Quick Fire Cases
Orla Mc Carthy, MD
Fellow
Northwestern University
Orla Mc Carthy, MD
Fellow
Northwestern University
This is a case of an 85 year old female smoker, with a past medical history of coronary artery disease status post coronary artery bypass grafting in 2013, hypertension, hyperlipidemia, aortic stenosis, carotid stenosis and obstructive sleep apnea. She was being medically managed for intermittently symptomatic heart failure, with chronic lower limb edema over the course of a decade. She had periodic echocardiograms to monitor her aortic stenosis.
Diagnostic Techniques and Their Most Important Findings:
On review of her electronic health record, a CMR had been performed in 2013 to evaluate for a left ventricular thrombus seen on echocardiogram. This demonstrated a 3.7 cm calcified thrombus in the left apex, with concentric left ventricular hypertrophy measuring up to 2.1 cm.
An echocardiogram in 2024 identified a new aneurysmal apical cap with concern for apical thrombus along with a dilated ascending aorta necessitating performance of chest MRA and CMR. CMR identified concentric left ventricular (LV) hypertrophy measuring up to 1.7 cm, with global LV systolic dysfunction. The apical cap was aneurysmal. There was diffuse, patchy late gadolinium enhancement (LGE) predominantly observed in the anterior and lateral segments, and apical cap (Figure 1). This was new compared with CMR from 2013 (Figure 2), other than a small focus of apical LGE seen observed previously. There was elevation of native T1 values measuring 1203 msec, and ECV was elevated at 41%. Quantitative left ventricular function was calculated at 48%. The aortic valve was trileaflet, with severely reduced coaptation in diastole. Qualitatively, severe aortic stenosis was observed on phase contrast and flow sequences. The peak velocity calculated was 2.9 m/s. The mid ascending aorta was mildly dilated measuring 3.8 cm.

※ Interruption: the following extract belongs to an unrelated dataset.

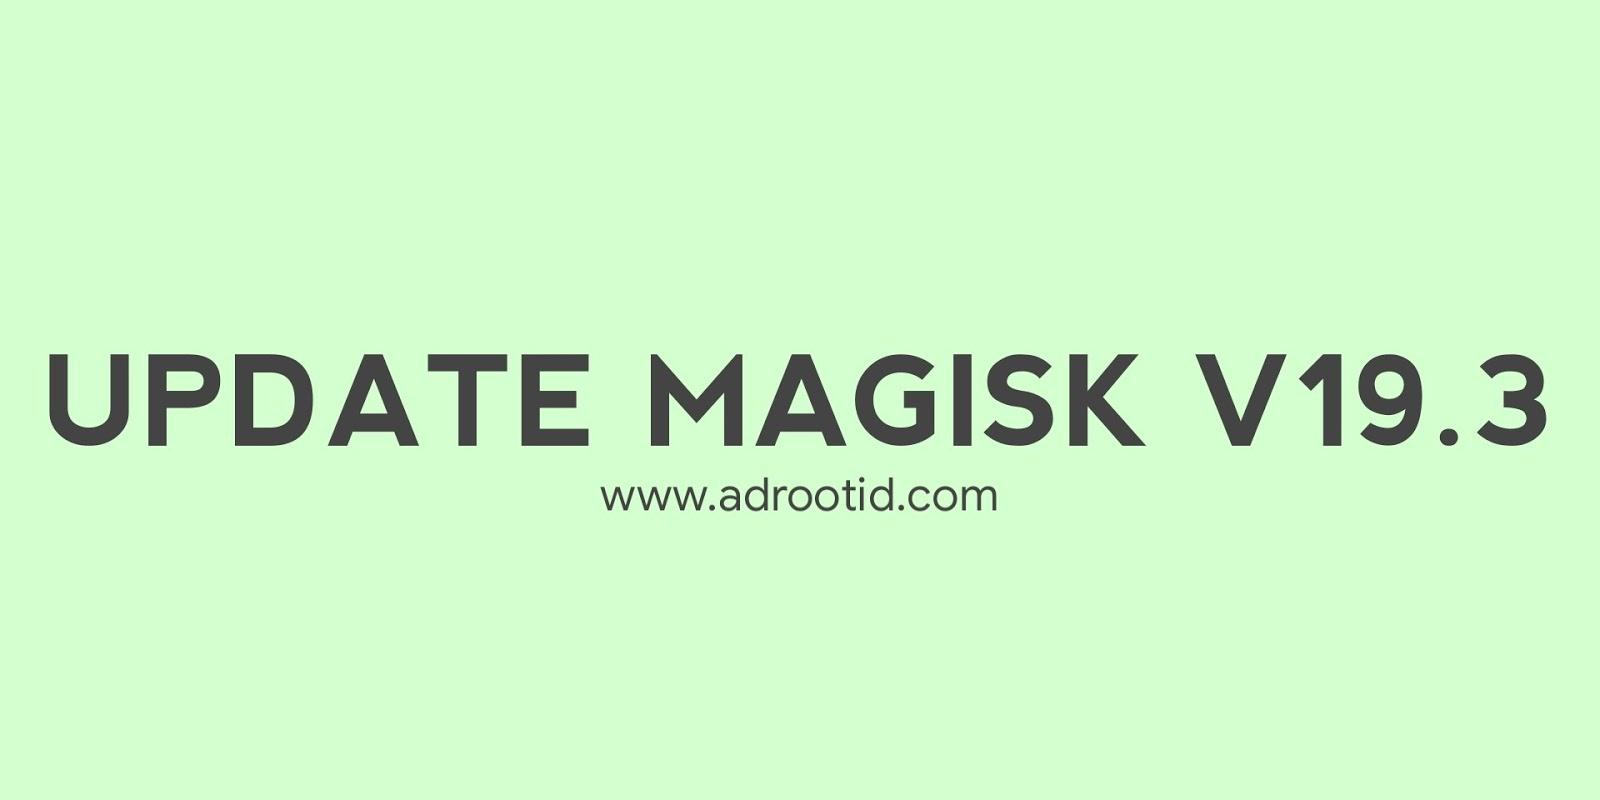 Magisk 19.3

Learning Points from this Case:
Myocardial fibrosis associated with aortic stenosis is not well described in the literature. The principal learning point is that when extensive patchy mid-myocardial LGE is demonstrated on CMR, observed in the setting of left ventricular hypertrophy with associated elevation in native T1 values and ECV, a reflexive diagnosis of cardiac amyloidosis must be avoided. However, in the setting of valvular disease or hypertension, alternative diagnoses, such as fibrosis associated with aortic stenosis or hypertension, must be considered.
Cardiac amyloidosis typically affects myocardium with a basal to apical gradient. CMR was vital in confirming this diagnosis, in particular the MRI over a decade prior was instrumental in effectively excluding amyloidosis, by the presence of apical LGE.